Of Human Loneliness

Anna Evans


Als das Kind, Kind war, the child knows
There are many solitudes, but as he grows
They merge into one paper read on a train,
Rustling through the silence and the evening rain.

Despite the commuters desperate retreat
Their elbows, thighs and briefcases meet.
Yet that hard girl with the urchin cut
And the scarlet suit is anywhere but
There, as the forest closes in, alive, black,
Howlings and rattlings behind her back.
If there were a place for her, a place to sit
And read Cosmopolitan and be cocooned by it,
She'd have no need to listen to the rain
Or die of jungle fever in a rush hour train.

A man sitting down, wearing striped shirt and braces
Funnily enough, doesn't offer to change places.
He's thinking of his lover who's gone back into jeans
And returned his credit cards. Don't ask him what it means.
He only knows the flat seems bigger now that she's gone.
She took her books but left the TV so he turns it on.
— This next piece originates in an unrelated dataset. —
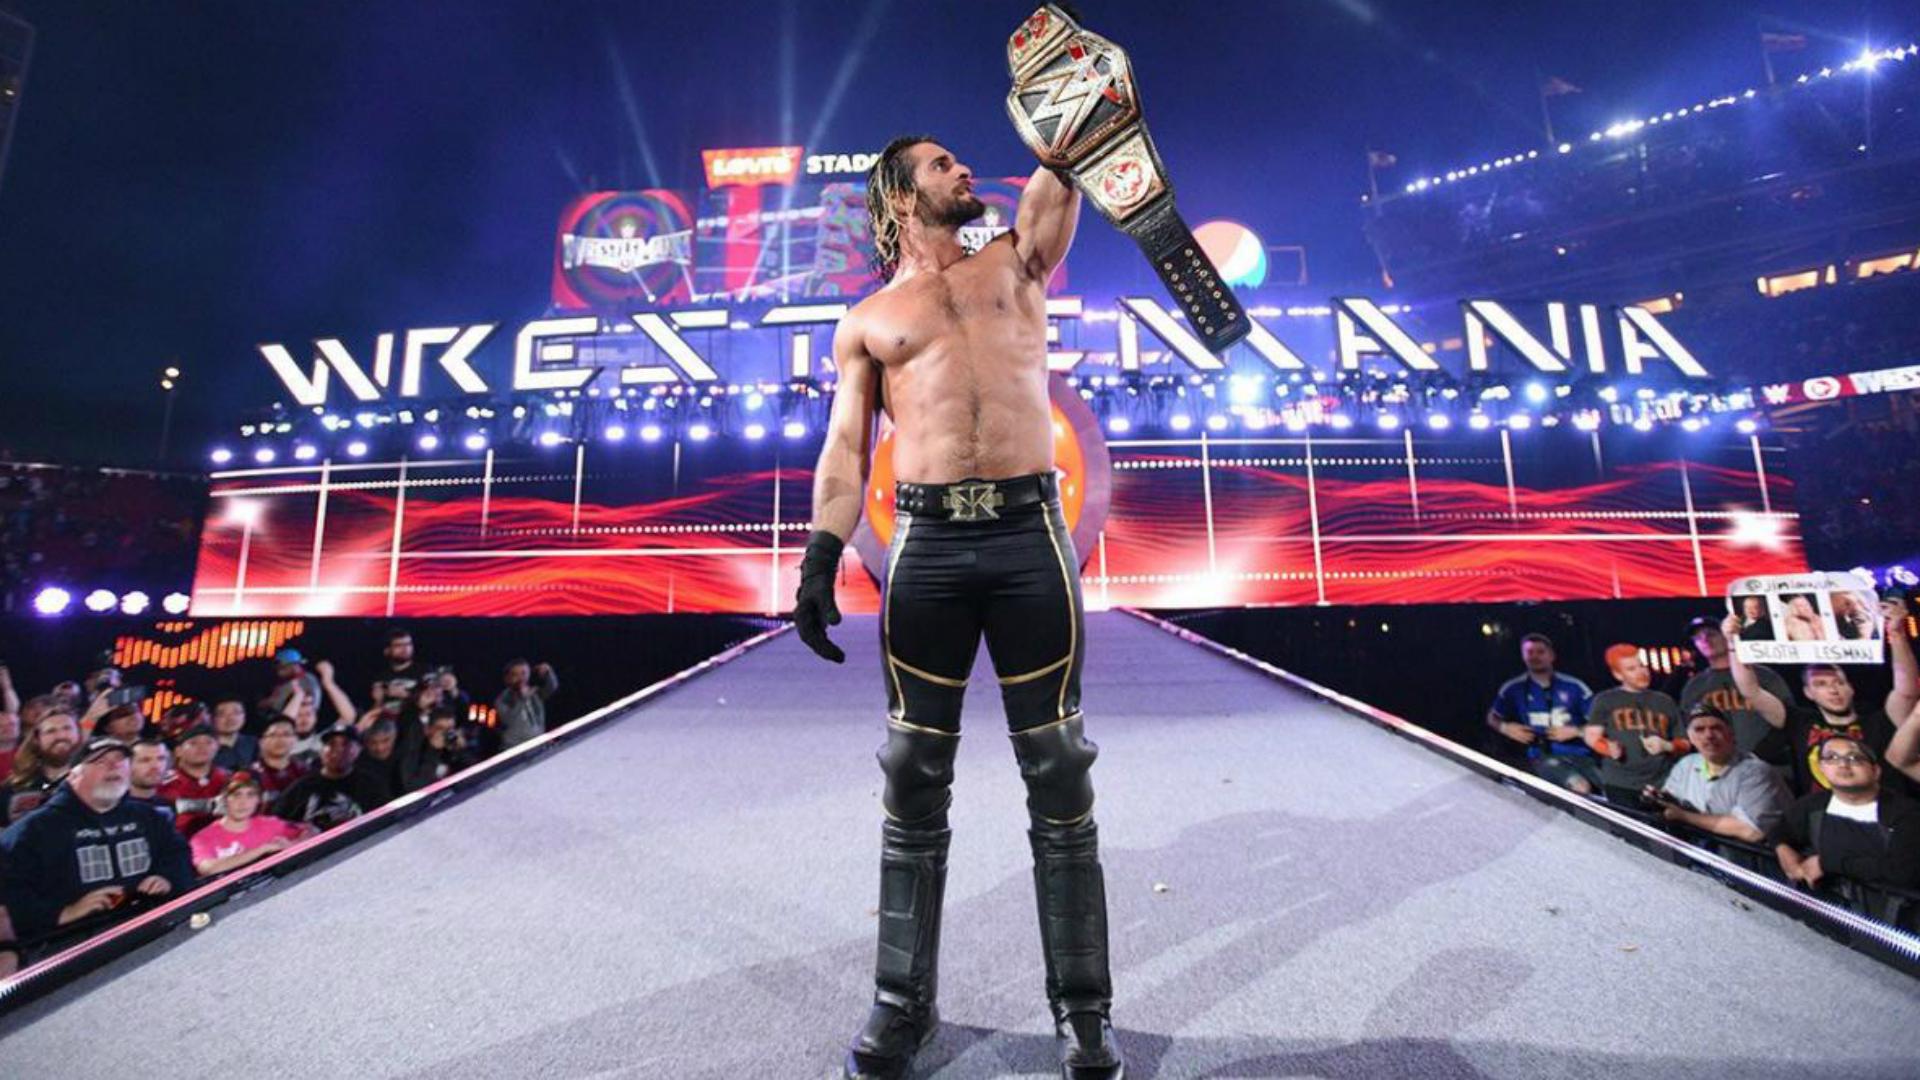 Wrestlemania 31 calificaciones: Seth Rollins realiza el 'Golpe del siglo' 37

Old woman clutching shopping bag to wrinkled knee
Looks forward to the bread and jam she's having for her tea.
Her only son, in Surrey, wouldn't think to telephone.
She's got her cat, and anyway, he is just as alone.
On quiet Winter nights he sometimes gets bored
He talks to his wife, who, used to being ignored
Gets nervous and goes to finish off the chocolate cake
And biscuits. These days she can't seem to make
Herself stop, but she knows how to make herself sick.
When her husband goes off down to the pub for a quick
One, he sees the train flash past then stares into space,
Feels suddenly old, and knows he hates this place.